Quitting smoking is no walk in the park — but for one top Parks Department official, it’s going to have to be.
North Brooklyn Parks administrator and longtime smoker Stephanie Thayer has vowed to quit in the wake of a new city law pushed by her boss, Mayor Bloomberg, to widen the city’s existing bans on smoking to include puffing outdoors in parks.
It’s going to be a long and difficult journey for the three-decade smoker who spends nearly her entire day in Greenpoint’s McCarren and McGolrick parks (and the rest of the time is spent smoking).
“I have to quit — I have two months,” said Thayer, still puffing as she gave this interview.
Thayer has “lost count” of the times she’s tried to kick the habit before — using the patch, the gum, hypnotists, pills and a big plate of cold turkey.
But friends kept bringing her cigarettes because she would become “intolerable” without her nicotine fix, she admitted.
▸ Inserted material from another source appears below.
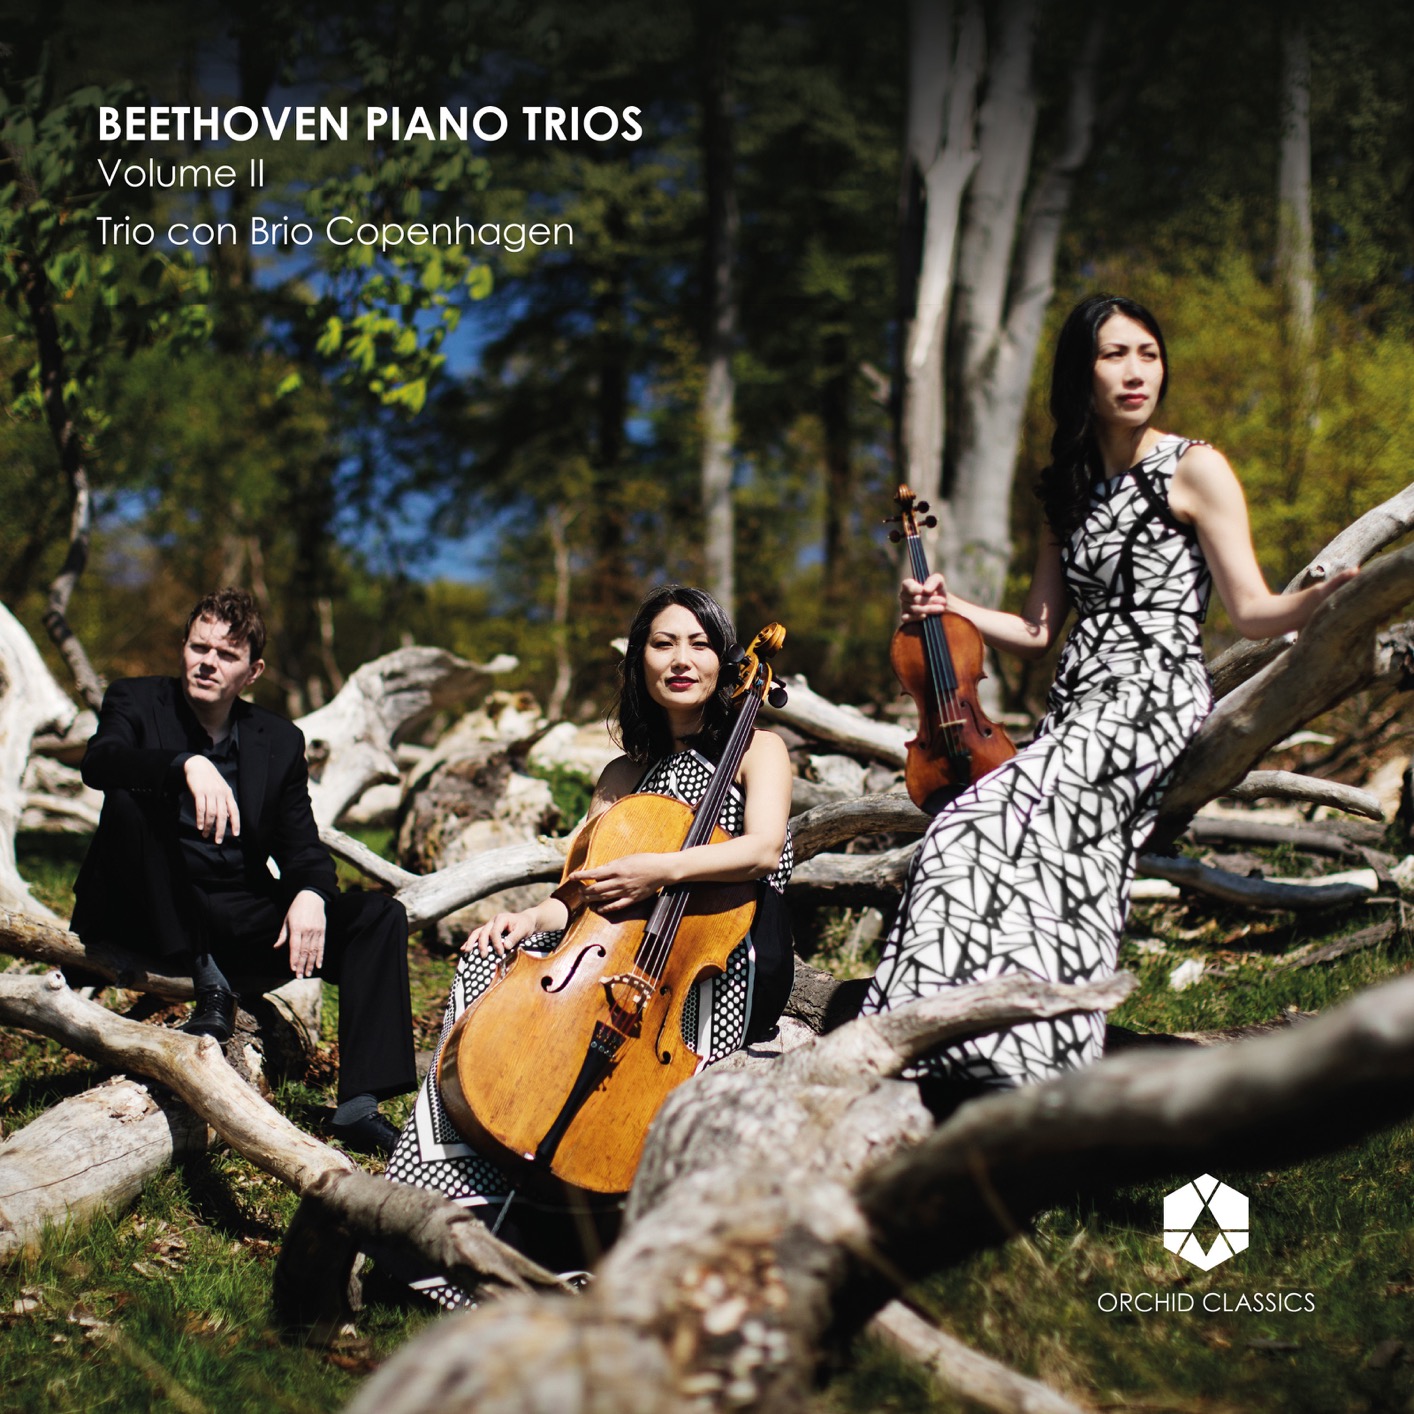 Trio Con Brio Copenhagen - Beethoven Piano Trios, Vol. 2 (2018) [FLAC 24bit/96kHz]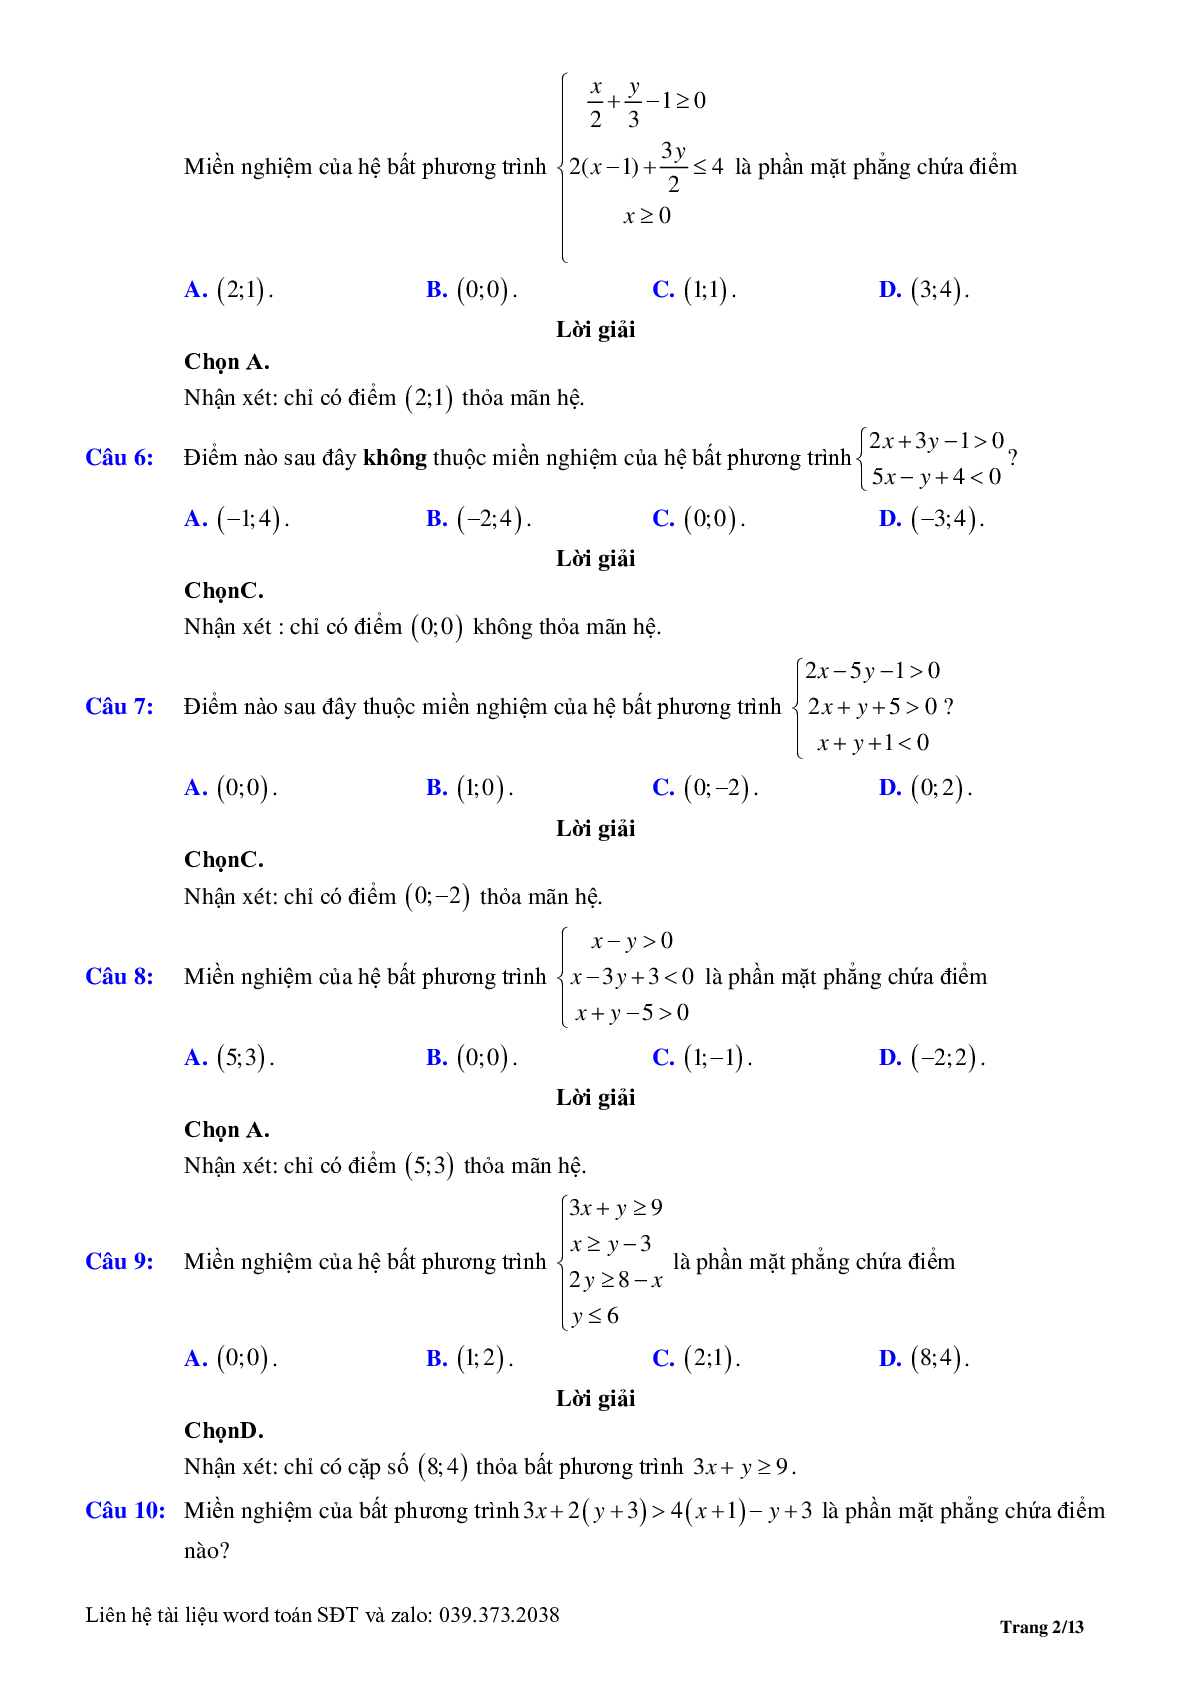 Chuyên đề bất phương trình, hệ phương trình bậc nhất hai ẩn (trang 2)

But for the good of the city — and to participate in our new weekly column, The Great Stephanie Smokeout — Thayer is trying again.
So far, she’s been doing yoga and meditation, and has already planned on splurging on weekly massages with the money she’s saving not buying cigarettes.
And if that doesn’t work, she’s going to break out those electronic cigarette pacifiers.
To help her out, Thayer’s co-worker, Open Space Alliance’s Julia Morrow, has stopped smoking for several weeks now.
And Thayer’s family has been equally supportive.
“Andrea, my 5-year-old niece, tells me, ‘Smoking makes people die. I don’t want you to die,’ ” said Thayer.
If Thayer has not licked butts before the citywide ban kicks in on May 23, she can always head over to East River State Park — where there’s no against smoking outdoors (thanks, Albany!).
“The rangers aren’t going to tell people to stop smoking,” said a state parks spokesman.